If you use Netscape 7, choose Edit, Preferences, double-click Privacy & Security to open its subcategories, and select Cookies. To block all third-party cookies, look in the right pane and click Enable cookies for the originating web site only. To view and delete cookies, click the Manage Stored Cookies button, select a cookie in the list, and click the Remove Cookie button. Choose Remove All Cookies to wipe the entire cookie sheet clean. If you want to banish an individual site's cookies in perpetuity, check Don't allow removed cookies to be reaccepted later, and then delete the cookie. (Note that the site-by-site cookie controls that you would expect to find when you click the Cookie Sites tab in Netscape 7 appear to be under construction.)
Derail e-mail threats
If you prevent your e-mail program from executing scripts and attachments
in the messages you receive and keep your program updated to repair newly
discovered security flaws, chances are good you'll keep viruses and Trojan
horse programs off your PC. The latest versions of Outlook and Outlook Express
wisely block all scripts and dangerous attachments by default, by placing
any incoming HTML mail in the restricted security zone (to see your security
settings in either program, choose Tools, Options and click the Security
tab).
I would suggest that everybody disable their e-mail program's message preview pane to doubly ensure that viral mail remains inert. To disable Outlook Express's preview pane, choose View, Layout and uncheck Show preview pane. In Outlook, click View and deselect Preview Pane.

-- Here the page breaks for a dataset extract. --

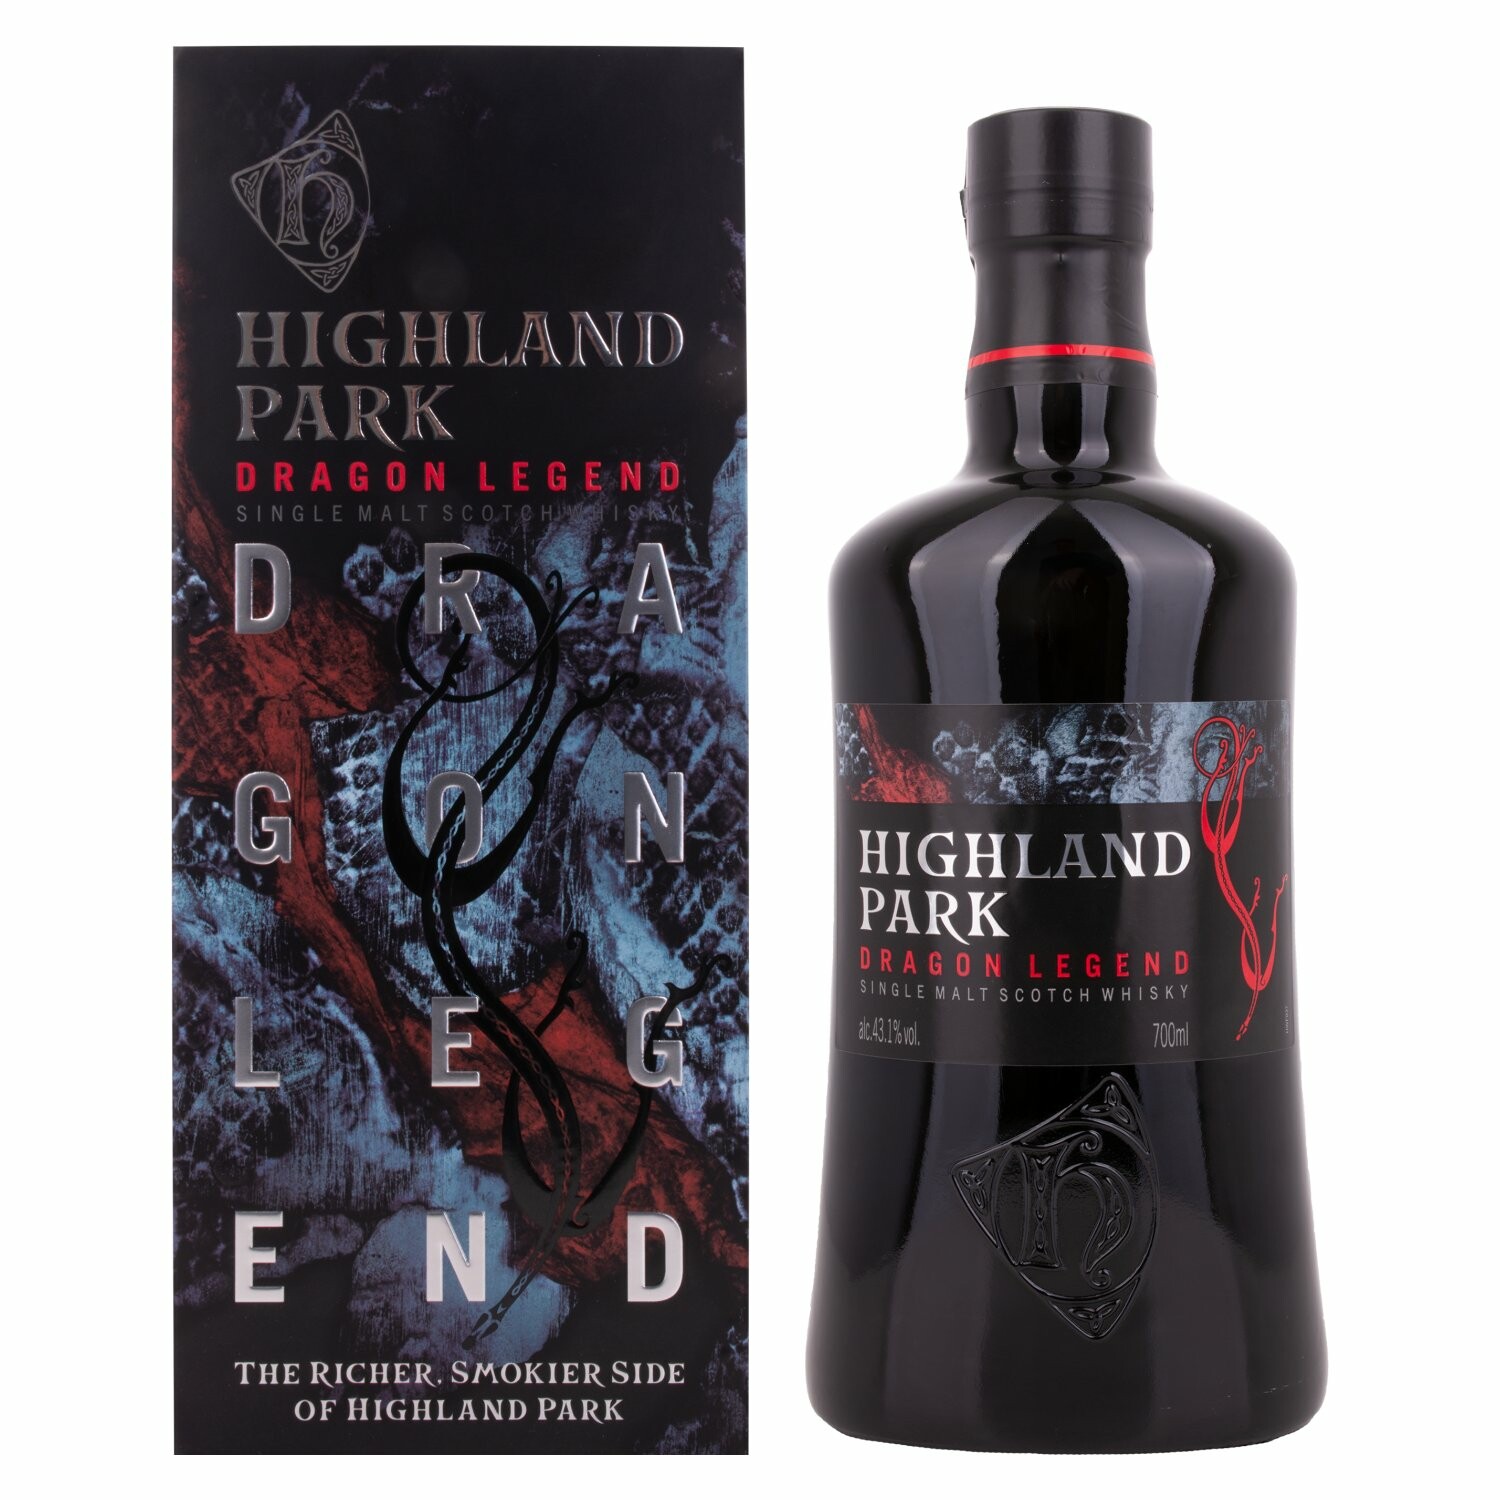 Highland Park DRAGON LEGEND Single Malt Scotch Whisky 43,1% Vol. 0,7l in Giftbox

To hide the preview pane in the Mail & Newsgroups program in Netscape 7, choose View, Show/Hide, Message Pane.
If you need a way to peek into messages with attachments to see what kinds of scripts or files they contain try these steps. To do that in Outlook/Outlook Express without opening the e-mail, right-click the message, choose Properties, click the Details tab, and then click the Message Source button. Now you'll see the exact text of the entire missive, including the names and encoded content of any binary attachments. Maximize the window to make it easier to read. To safely view files attached to a message in Outlook, right-click the e-mail and choose View Attachments. To view a message's plain-text contents (to see the names of attached files) in Netscape, select the e-mail, and then choose View, Message Source.
Use MAC filtering on
your wireless LAN
If you have a wireless home network, you may want to use multiple security
features for maximum protection. Each
network adapter on a LAN--wired or wireless--has a unique physical address
that operates at a lower level than its IP address in the hierarchy of network
protocols. Many routers, including wireless ones, let you restrict wireless
network access to a limited set of hexadecimal MAC addresses. You'll need
to get out the router or access point's manual to set it up, and then drill
down into the network card properties for each connected computer to find
and jot down its MAC or physical address. Like IP addresses, MAC addresses
are easy to spoof, or falsify. And because it doesn't encrypt traffic,
MAC filtering alone won't make your network secure. But it's one more roadblock
that could send a hacker elsewhere in search of an easier network to crack.